So far so good. She then went on to suggest that maybe Japan should ease up on the restrictive language requirements for potential incomers, which is less clear-cut but still generally unobjectionable. Then, clearly bored with making sense, she suggested that any old idiot could enter the caring professions provided they could muster an appropriately sweet and gormless smile and that the rise of the Islamic State proves apartheid was the right thing for South Africa. I paraphrase, but really not by much.

Well done Ayako.

Ms Sono is apparently a successful author, but then so is Dan Brown. However, until fairly recently she was also an invited member of a governmental panel on education reform. People were thus unhappy with her views as expressed, and she in turn professed herself shocked -- shocked! -- that anyone could have misinterpreted her words as support for apartheid; apparently she just really likes Chinatown.

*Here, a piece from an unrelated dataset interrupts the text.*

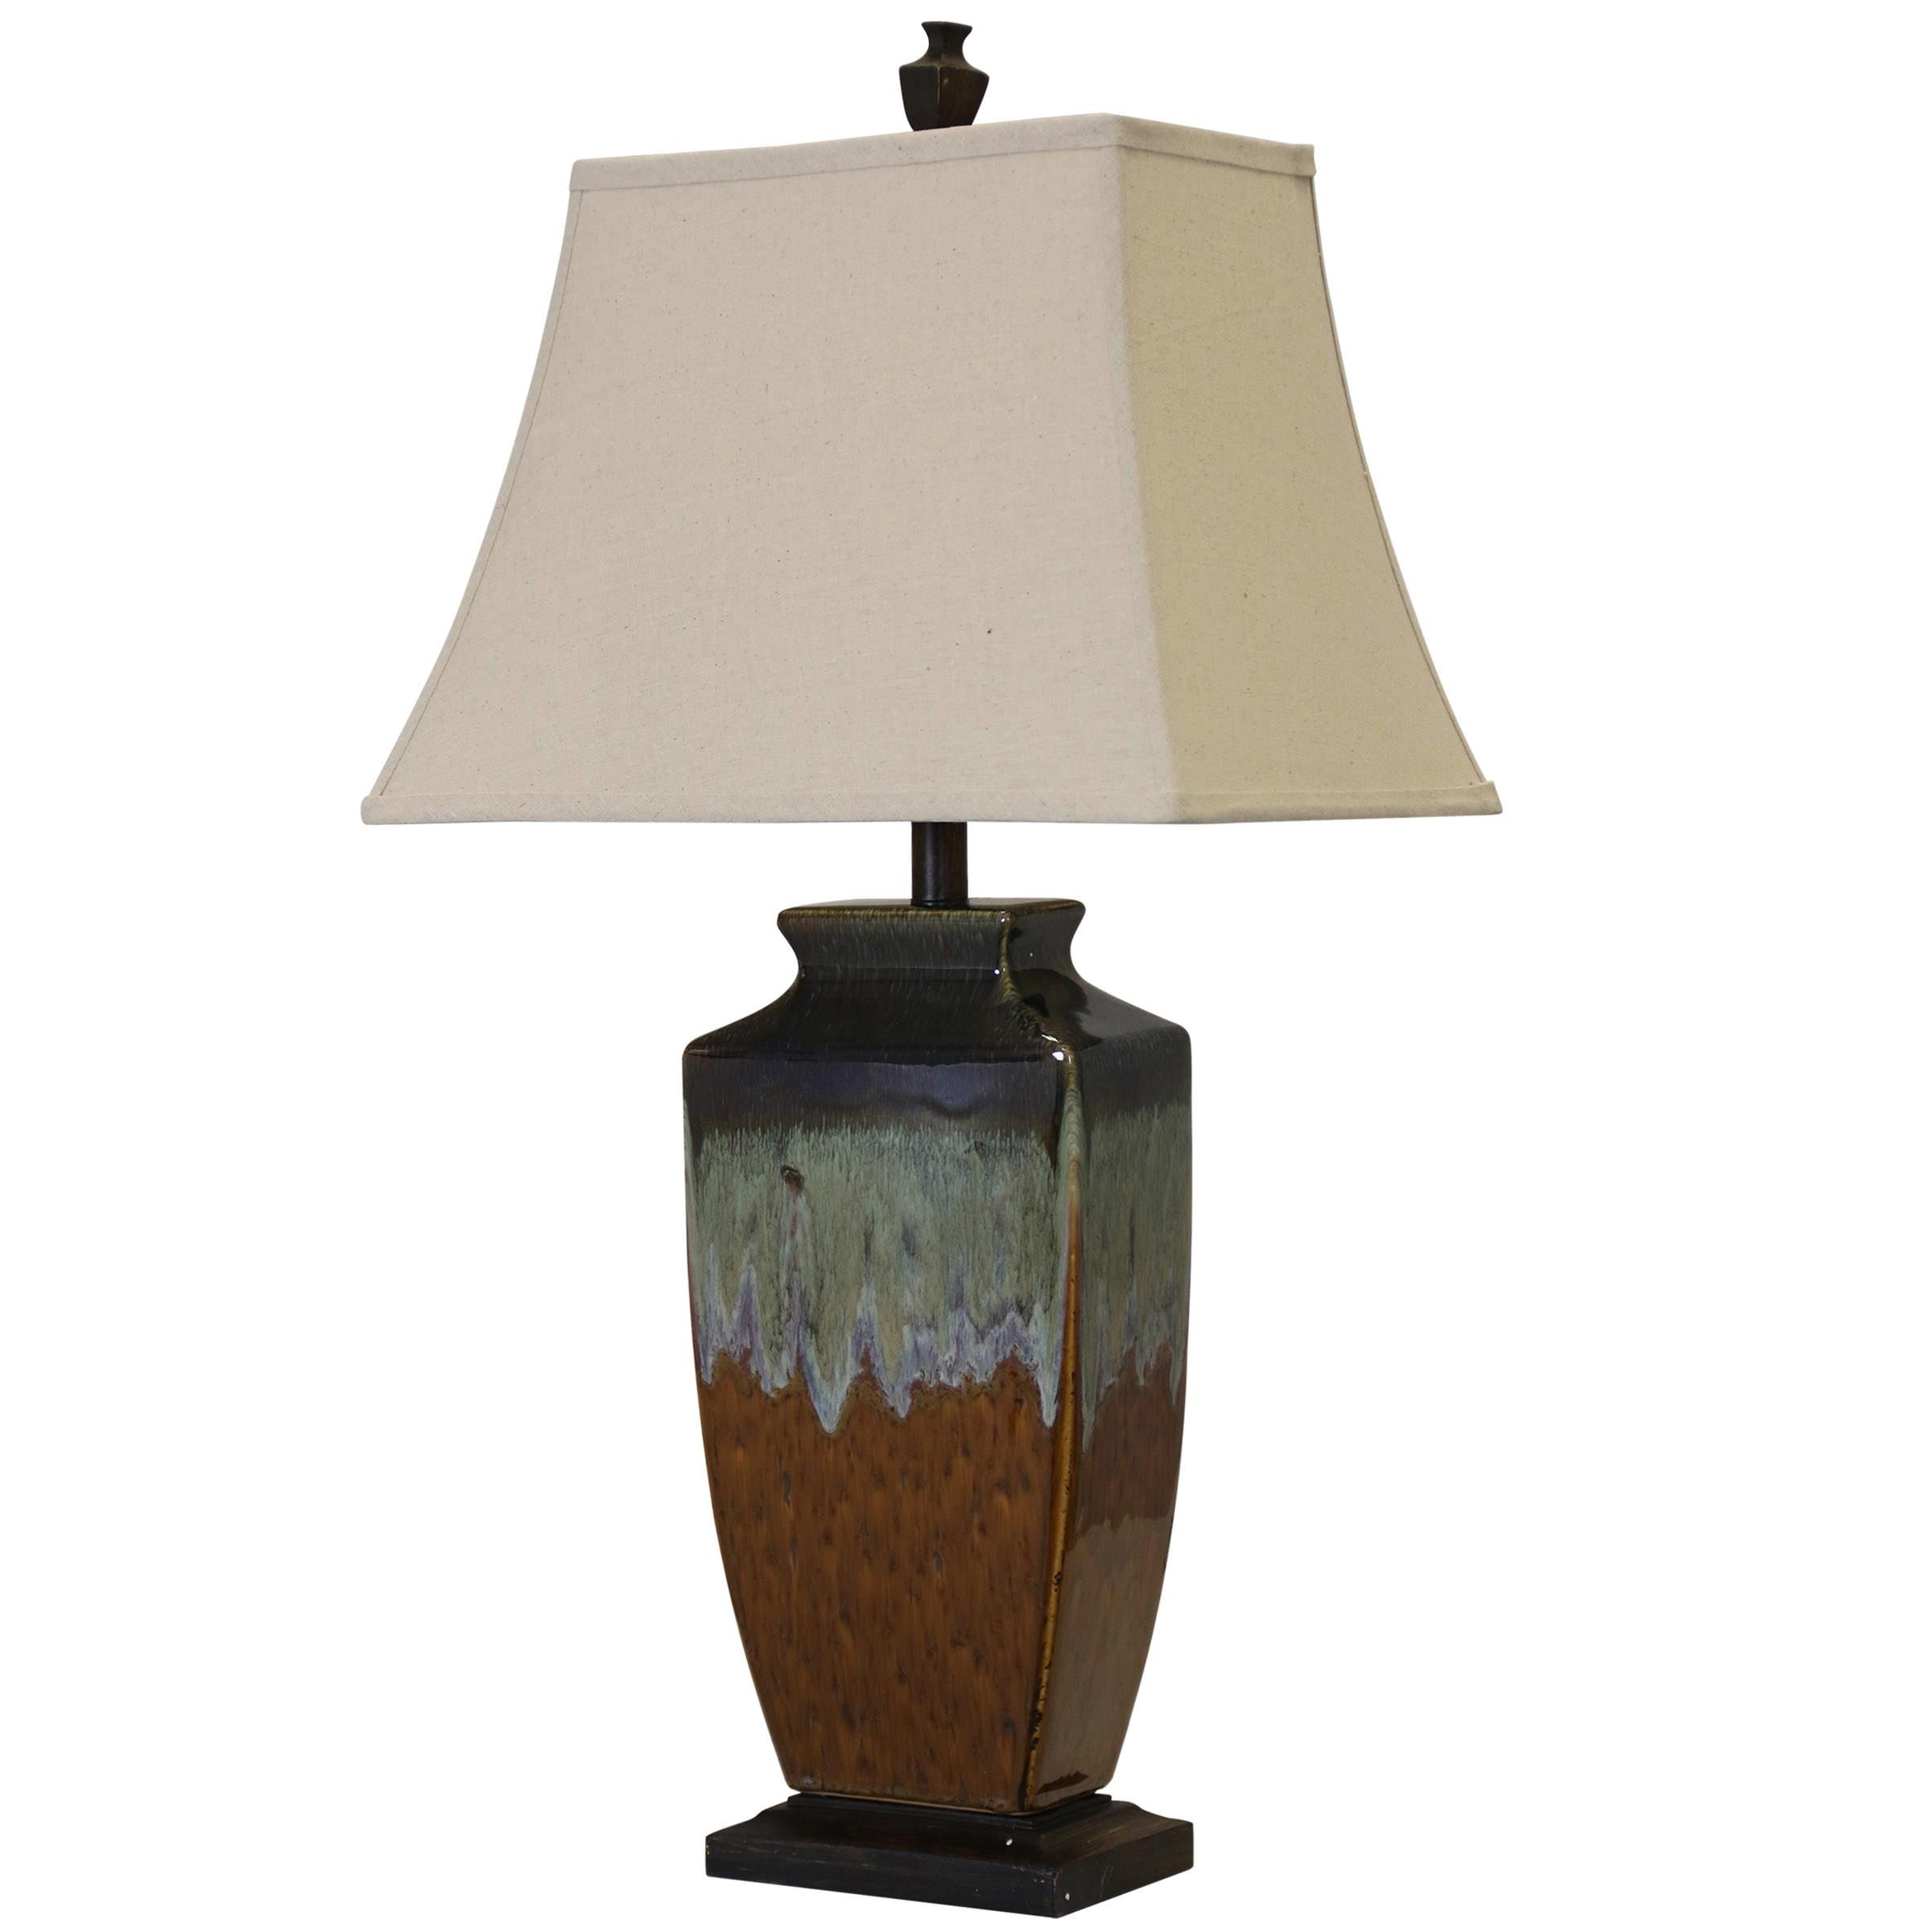 Varna Ceramic Table Lamp Brown And Turquoise Glaze Finish Cream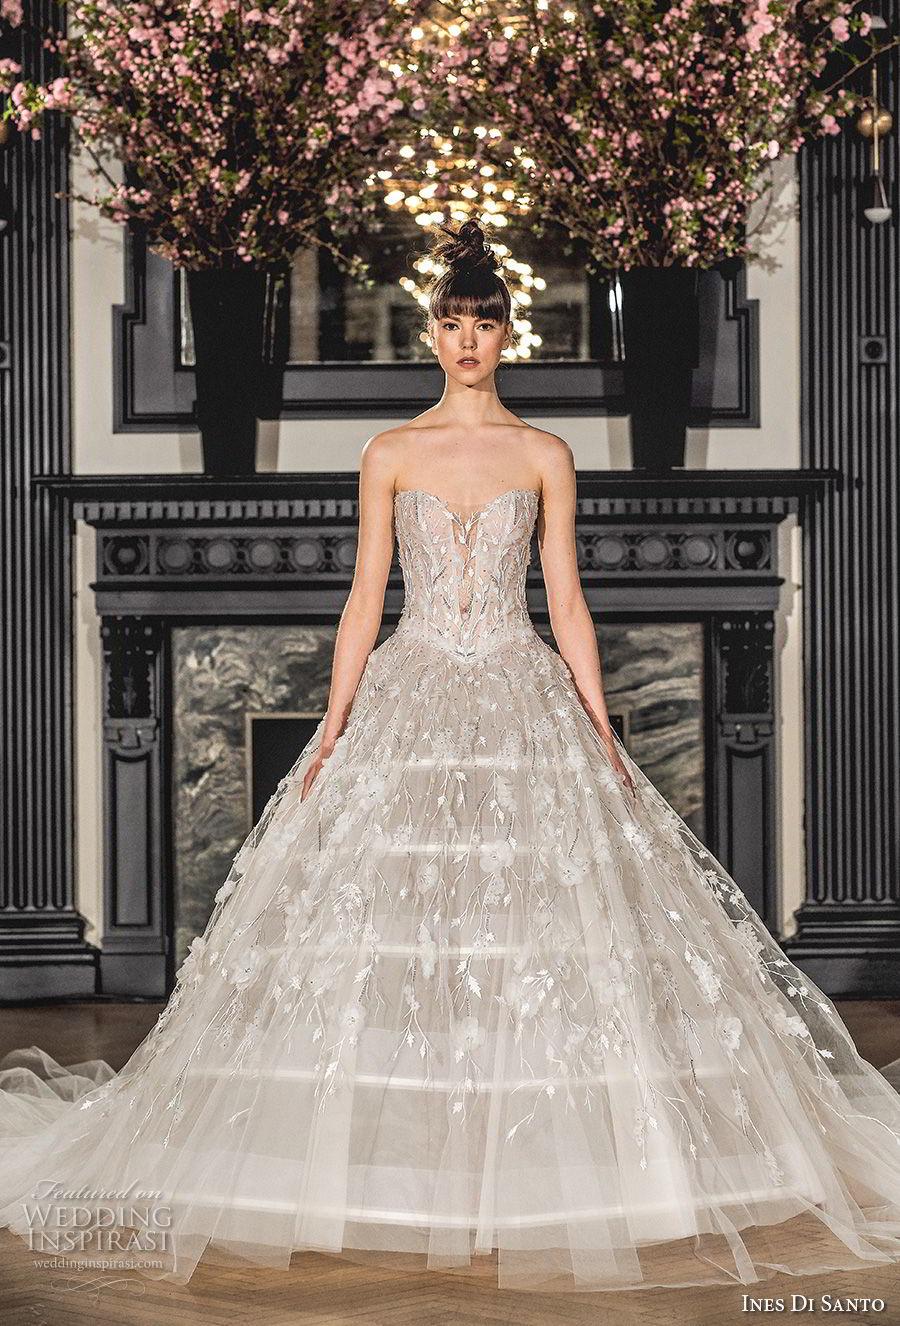 Ines di santo spring 2019 wedding dresses modern A line wedding dress 2019

Here’s piece that with a politely brutal clarity exposes her original article for the unmitigated and incoherent horseshit it is, but I really have little interest in detailing all the ways her response made things worse, not better. We’ve been here so many times before. So, so many times.

Ms Sono is 83. Mr Aso is 74. In many ways it’s quite exciting being part of this bold new experiment in governance: you can keep your representative democracies, your totalitarian dictatorships, your monarchies, your oligarchies, and your theocracies. Governance by the Few, Governance by the Many, Governance by the Military and the Rich and the People; all these have been tried and found wanting. What we have here is Governance by Embarrassing Elderly Relative at a Family Gathering, and I can’t help but feel a tiny thrill of anticipation about what will happen next time Great-Uncle Ryugo feels the need to hold forth with opinions which ‘you’re not allowed say any more’ even though he’s clearly not going to let that stop him, more’s the fucking pity.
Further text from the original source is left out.